When I was a kid and even as a young adult I loved spending holidays with my Mom's family. I remember holidays in Rochester and Scotsville, NY. I remember lots of family, wonderful food, Aunt Ginny's girly tree in the parlor and the tall tree in the family room. I remember the tree in my Grandparent's living room. We rarely went in there, but with the tree in there we spend time there. I loved that room. I kind of felt like holding my breath when I entered it. I loved the figurines on the mantle and the formal furniture. The room seemed perfect to me. I loved the laughter, games, sitting at the kids' table. I remember watching football, lots and lots of football.
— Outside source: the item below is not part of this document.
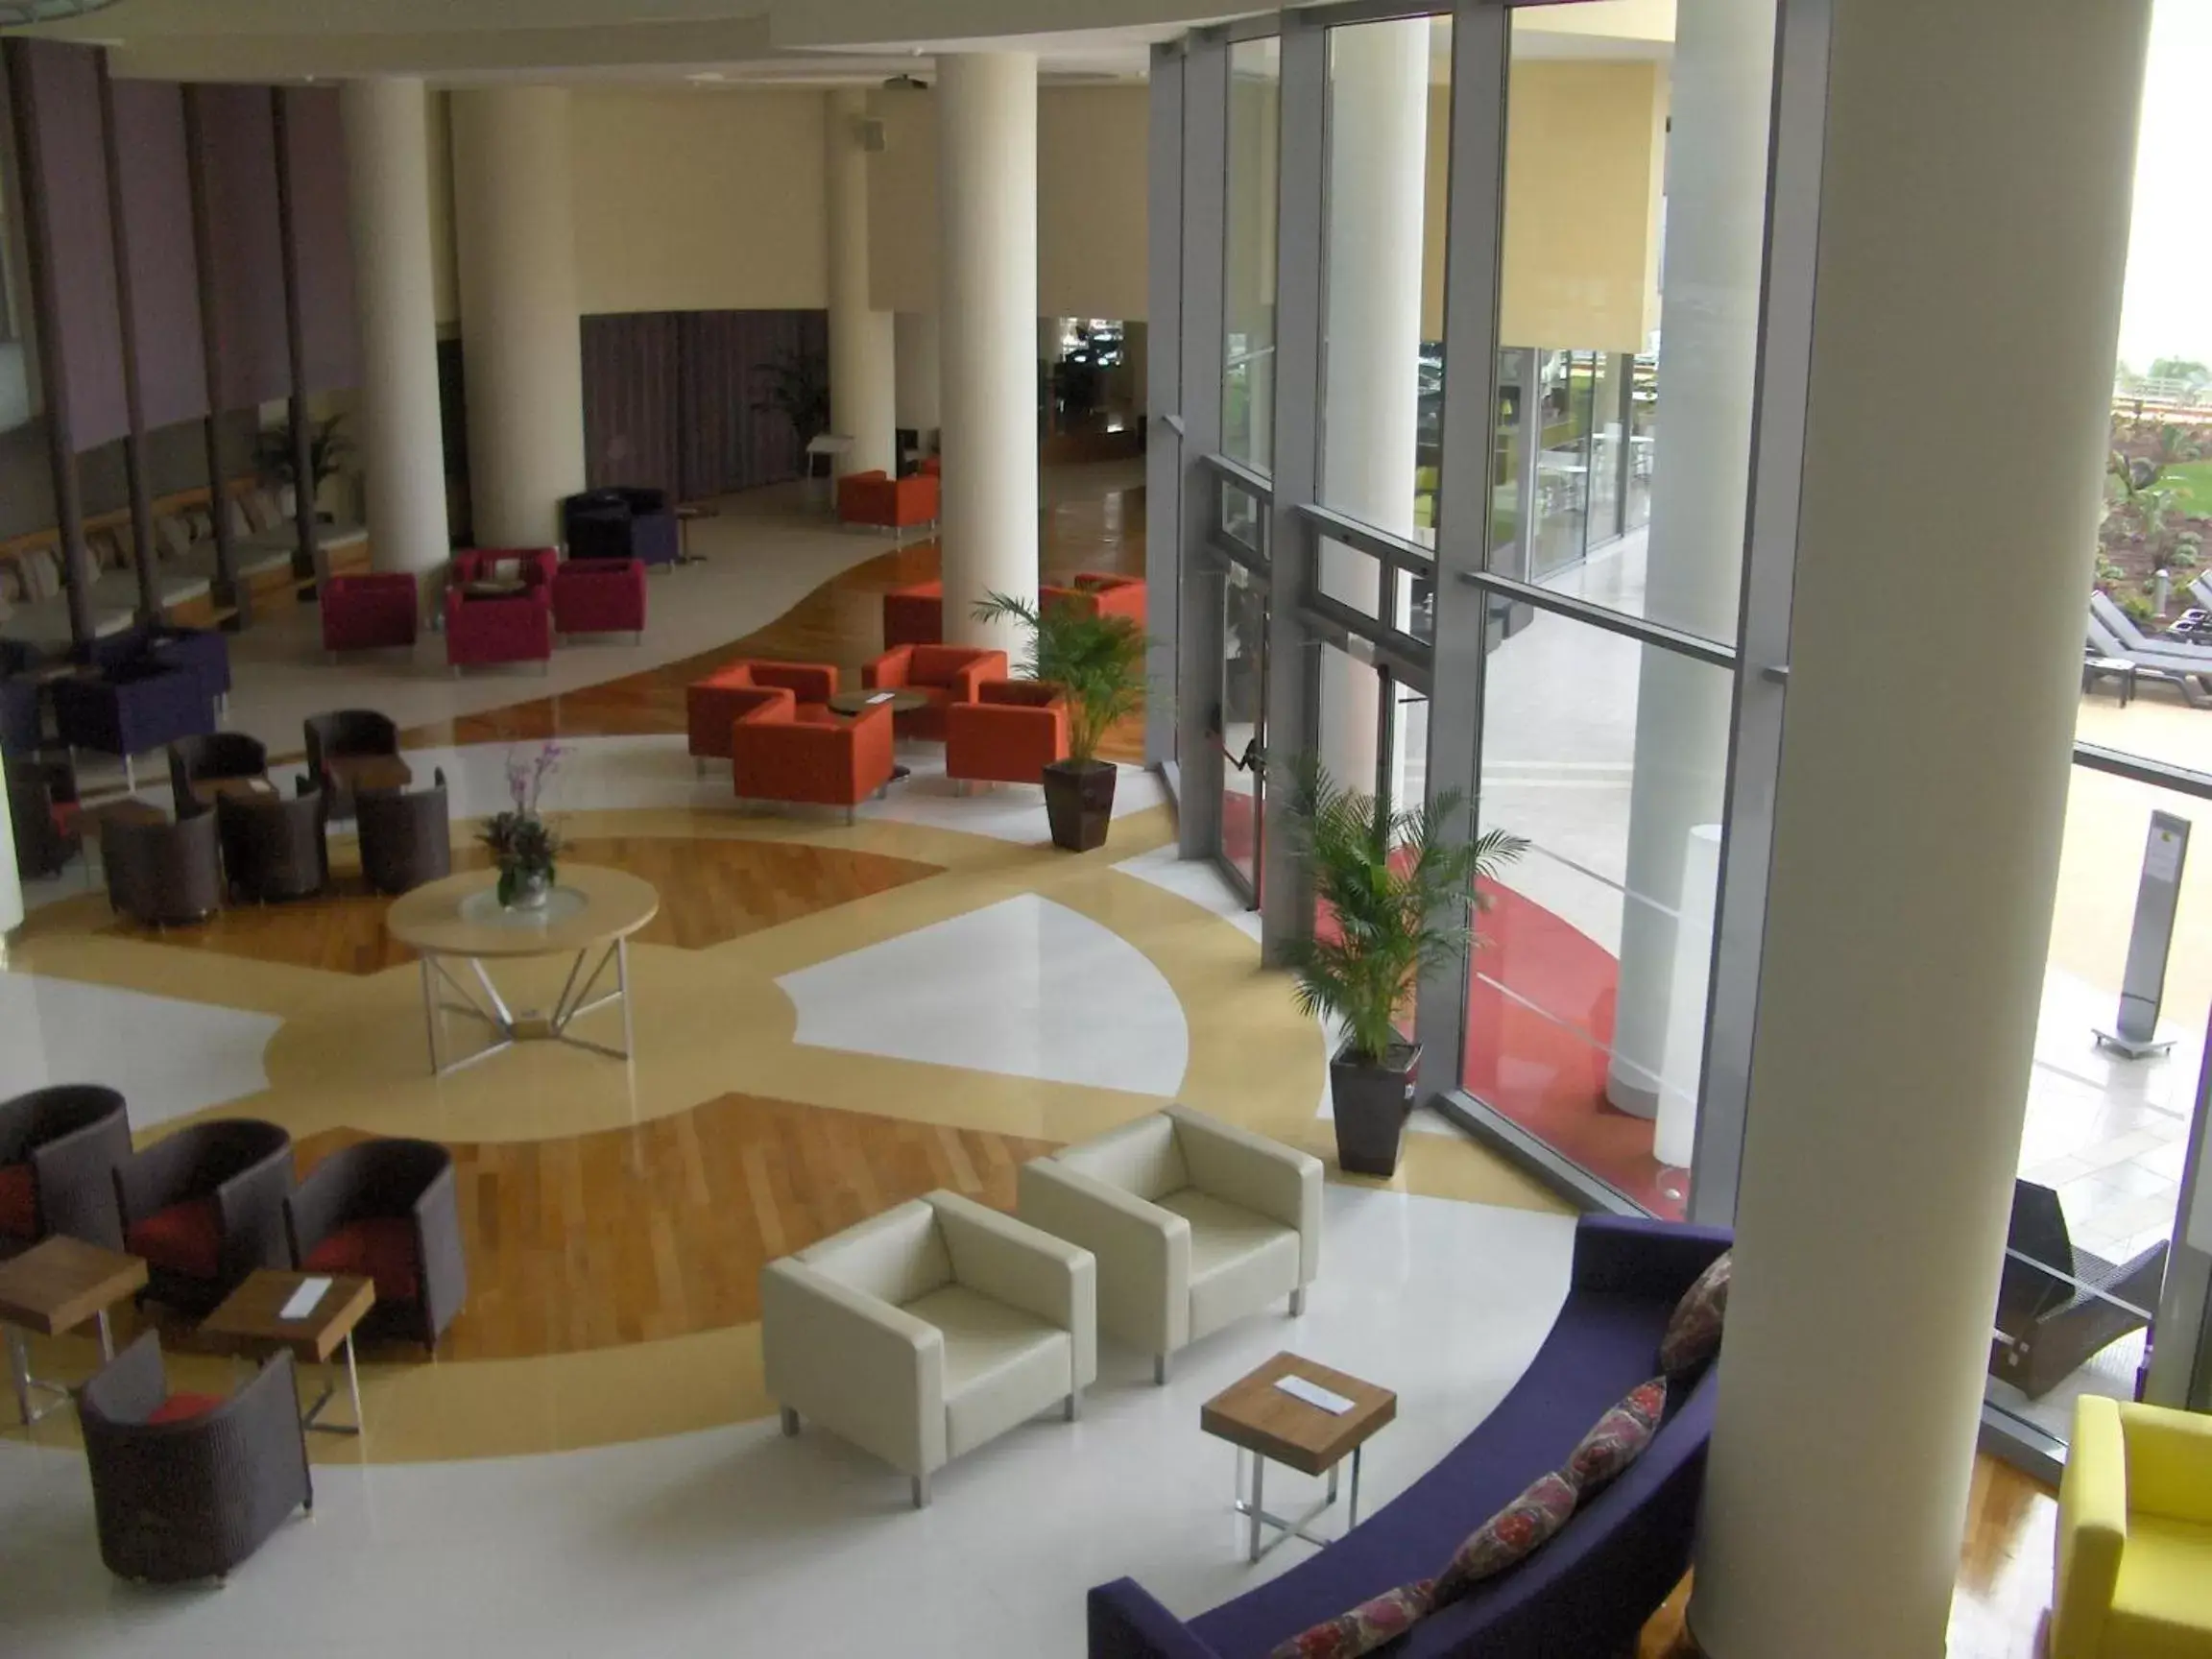 Lobby or reception in Pestana Promenade Ocean Resort Hotel

I always thought when I grew up holidays would be like that. They aren't. Sometimes we have family dinners, but sometimes that family is just three of us. We might watch football, but there is no noisy outbursts of cheers or groans. Every year there seems to be a diet someone is on so the meal is simple, good, but simple. There are no children running from room to room. There are some games, when the kids are there. We watch It's A Wonderful Life if it's on. There is no parlor with a girly tree or a sacred living room with figurines on the mantle.
The worst part is I imagined it would be my house full of family, food, fun, and football. But it's not. I have no family. I have no reason to cook lots of cookies, candies, and treats for the holidays. This is what I've always dreamed of. Each holiday season reminds me of what I long for and don't have.
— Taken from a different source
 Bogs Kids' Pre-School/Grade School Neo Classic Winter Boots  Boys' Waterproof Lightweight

I have great family. They include me, but it also makes me feel like a third, fifth, and sometimes a seventh wheel. Being with the nephews and niece just reminds me of the children I thought I'd have by now and don't. I love my family and love spending time with them, but around the holidays it hurts at the same time. I always imagined spending time with them and my family.
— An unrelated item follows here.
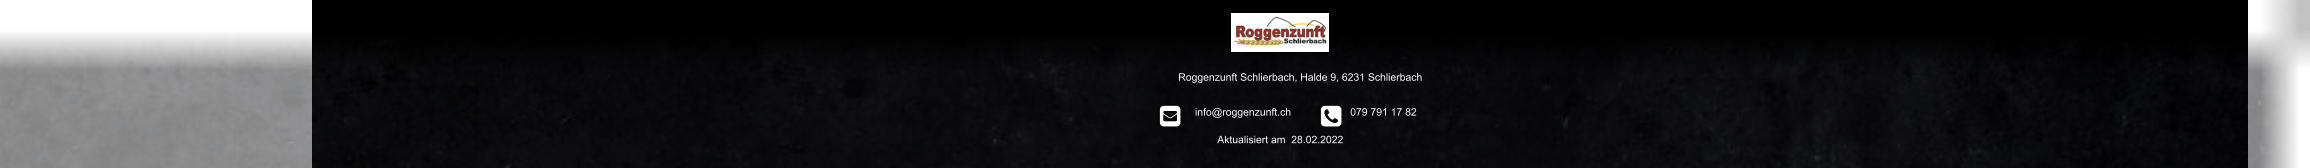 Roggenzunft Schlierbach, Halde 9, 6231 Schlierbach          info@roggenzunft.ch            079 791 17 82 Aktualisiert am  28.02.2022                                                                                                  

I just wonder how many holiday seasons more I will spend before some of those dreams come true, or if I will spend all the rest of them this way.
Recently I started to wonder how many others feel the same way. I wonder how many people have gone holiday season to holiday season wishing and waiting for a family of their own to celebrate with. Sometimes we feel like we are the only one, but I believe that is a lie of satan. He doesn't want us to know there are others. He wants us to feel isolated and alone. He doesn't want us to turn to God in our hurt. He wants us to stay sad. Sometimes, I admit, it is hard to turn to God when I hurt. Sometimes I am angry with Him. Sometimes I wonder how much longer until He changes things. I know He might not change things, but He definitely is changing me.
I know this holiday season won't be easy, but I also know that He is with me and He knows my every want, desire, and need.